▸ What you need to do
Images are to be dropped, and the rest of the data reproduced exactly.

▸ Collected material
== Segment start ==
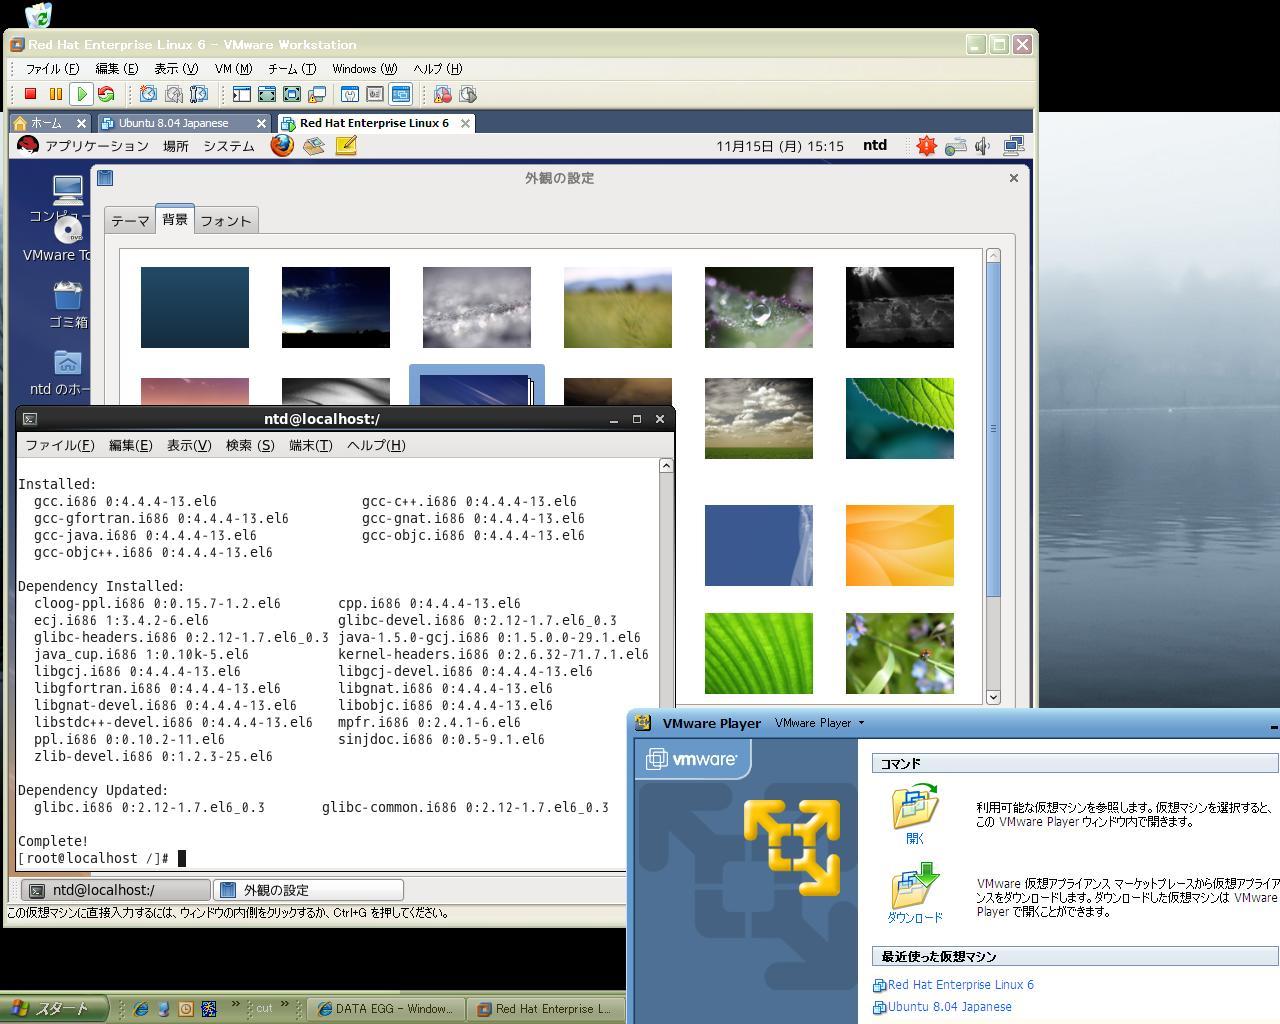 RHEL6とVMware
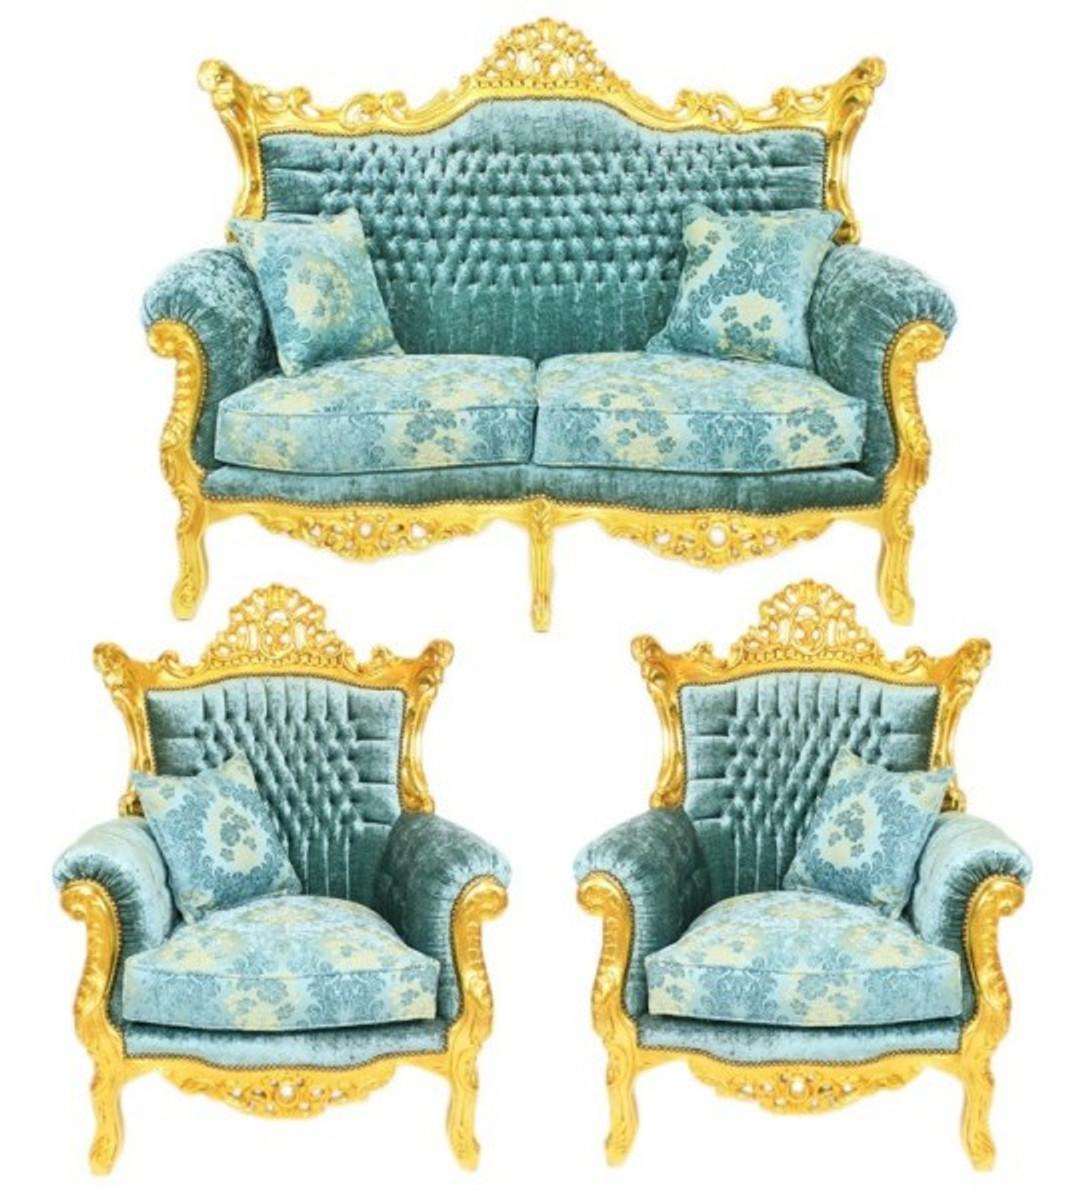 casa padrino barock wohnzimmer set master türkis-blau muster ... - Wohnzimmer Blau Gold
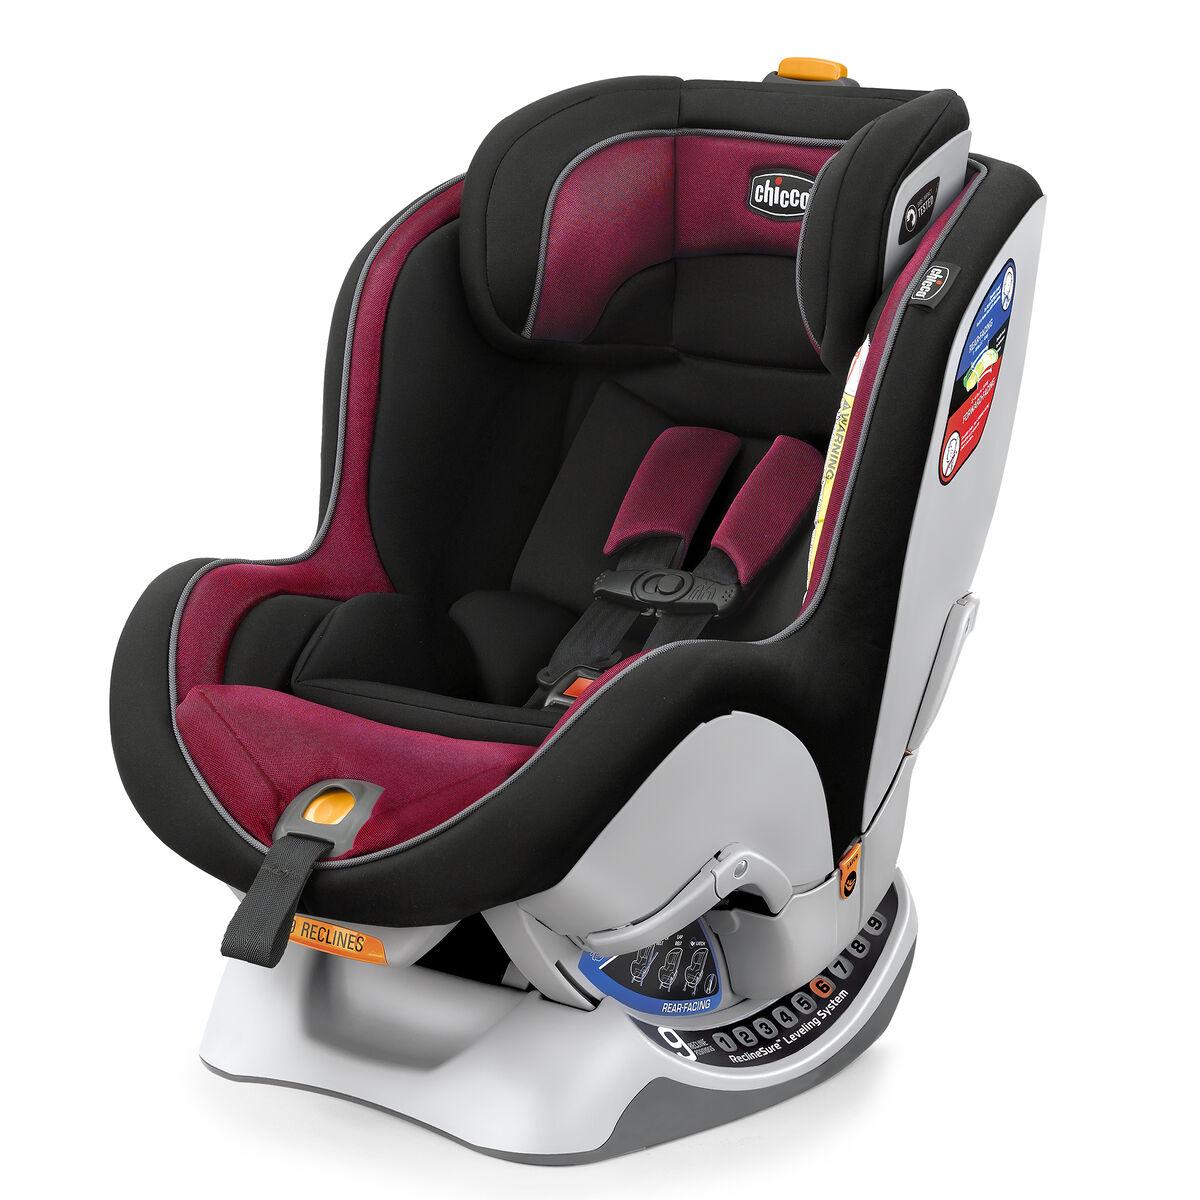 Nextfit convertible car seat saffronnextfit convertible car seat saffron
== Segment end ==
▸ Exercise output
 RHEL6とVMware
 casa padrino barock wohnzimmer set master türkis-blau muster ... - Wohnzimmer Blau Gold
 Nextfit convertible car seat saffronnextfit convertible car seat saffron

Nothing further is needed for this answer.